Wednesday, December 24, 2008

Retirement plan fiduciaries face new risks in historically safe investment options


By Keith Soranno November 9, 2008

In the wake of the market meltdown and the current credit crisis, 401(k) plan participants are agonizing over the dramatic decline in the value of their portfolios. Investment options previously considered safe — fixed-income and cash equivalents — have proven to be highly volatile.

And, while investors in their 20s and 30s may have time to make up even a 30% loss, a boomer retiree can suffer permanent financial damage with a 10% loss. The underlying fact is that all variable investment options, even fixed-income and cash-based options, carry market risk, and always have.

Plan sponsors typically have been very concerned about lawsuits pertaining to suitability of equity investment options ... and less concerned about the cash and fixed-income options and the holdings within those options. ...

They have focused intently on benchmarking the equity funds versus their peers and indexes, with little concern about the potential volatility of fixed and cash options.

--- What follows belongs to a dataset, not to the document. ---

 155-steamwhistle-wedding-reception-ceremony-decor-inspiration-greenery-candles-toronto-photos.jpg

In this environment, fiduciaries need to focus at least as much effort on fixed-income and cash investment options as they do on the equity options in their retirement plans.


Plan sponsors can mitigate this risk by taking an active look at the overall makeup of their fixed-income and cash portfolios. Here are some steps to take:

• Ask your vendors and managers for their views on the market and their investment strategies for weathering the storm.

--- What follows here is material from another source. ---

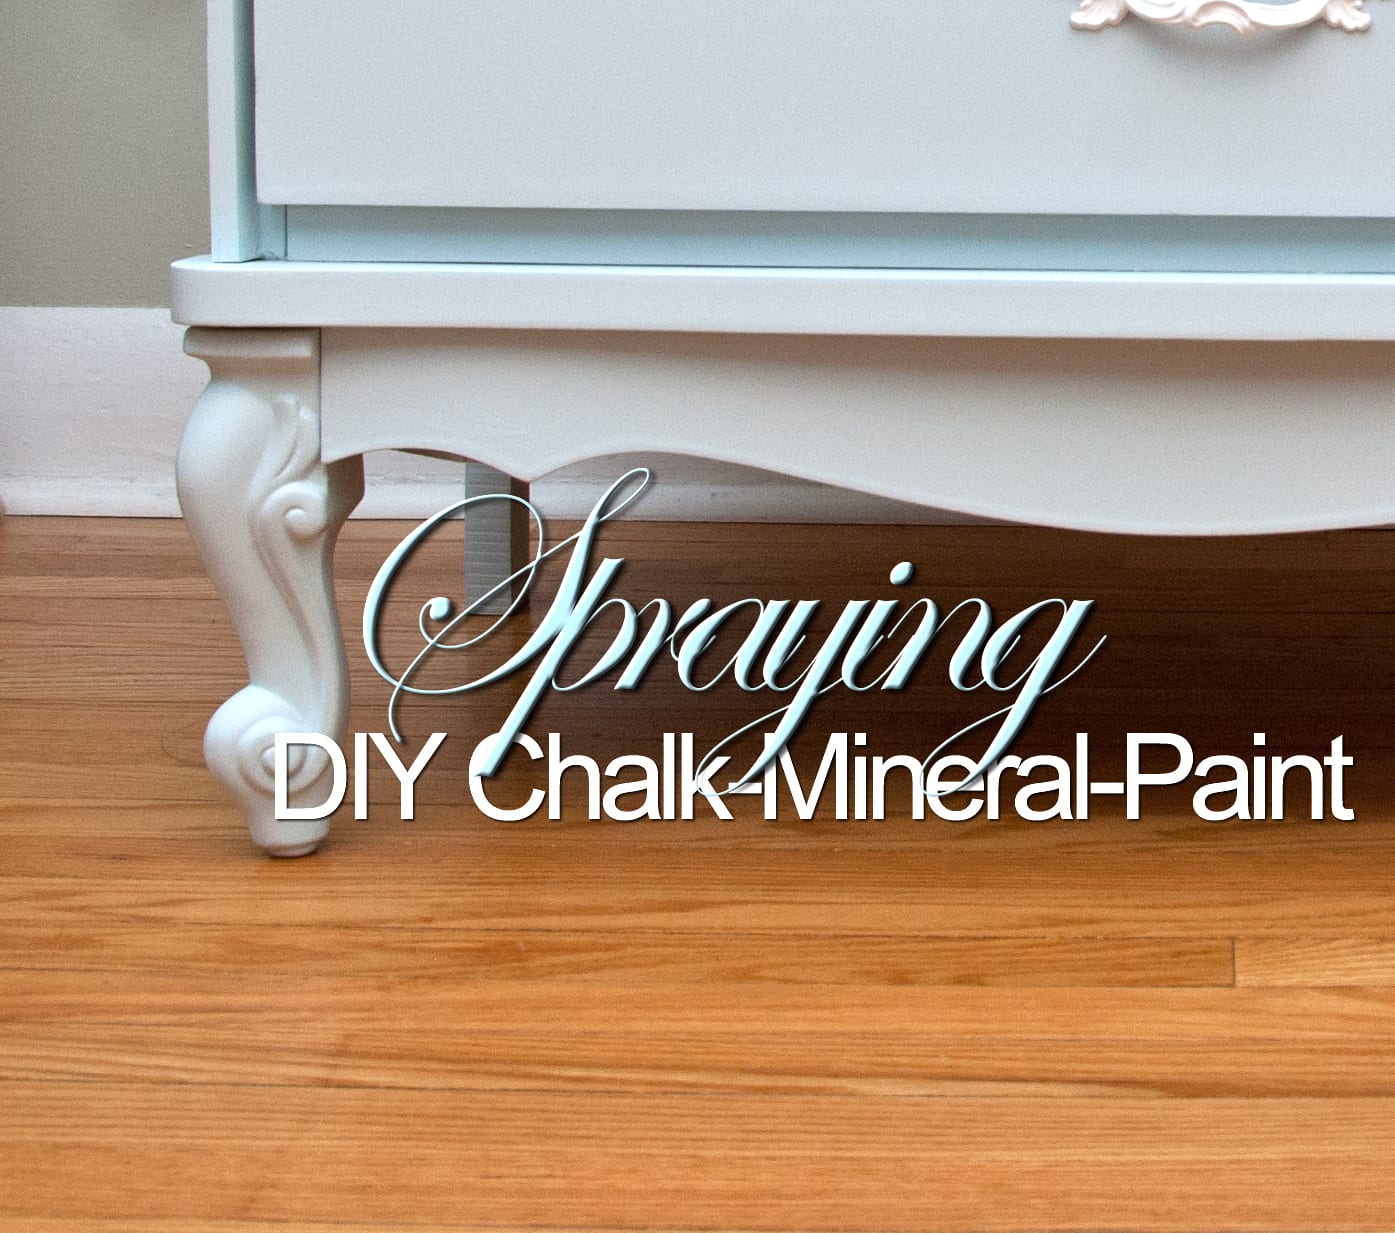 Spraying DIY Chalk-Mineral-Paint Finally Got Around To Doing It

• Add additional fixed and cash accounts that allow your plan participants to fully diversify. If necessary, add options whose holdings are materially different to ensure that participants have a well-diversified safe harbor to help weather financial storms.

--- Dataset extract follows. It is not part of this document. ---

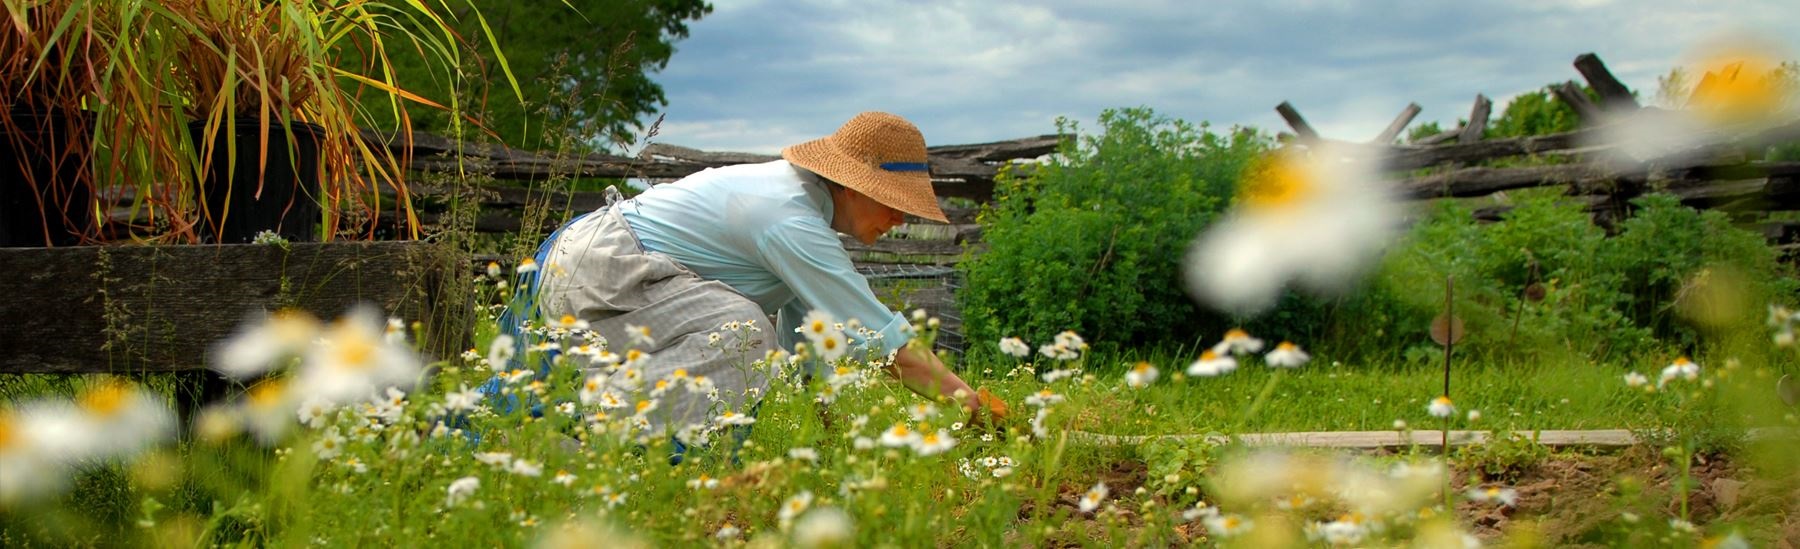 Woman tending to garden at historic Missouri town

• Monitor your fixed-income investment options closely, applying the same logic to monitoring these options as you do with your equity strategies.

While risk in equity funds is more transparent than ever in retirement plans, fixed-income and cash accounts may be the next big wave of fiduciary exposure for plan sponsors. They need to be aware of all risks and strategies they can use to reduce their exposure, then take steps to offer diversity and reduce risk.

Keith Soranno is a regional sales executive with Securian Retirement Distributors of St. Paul, Minn.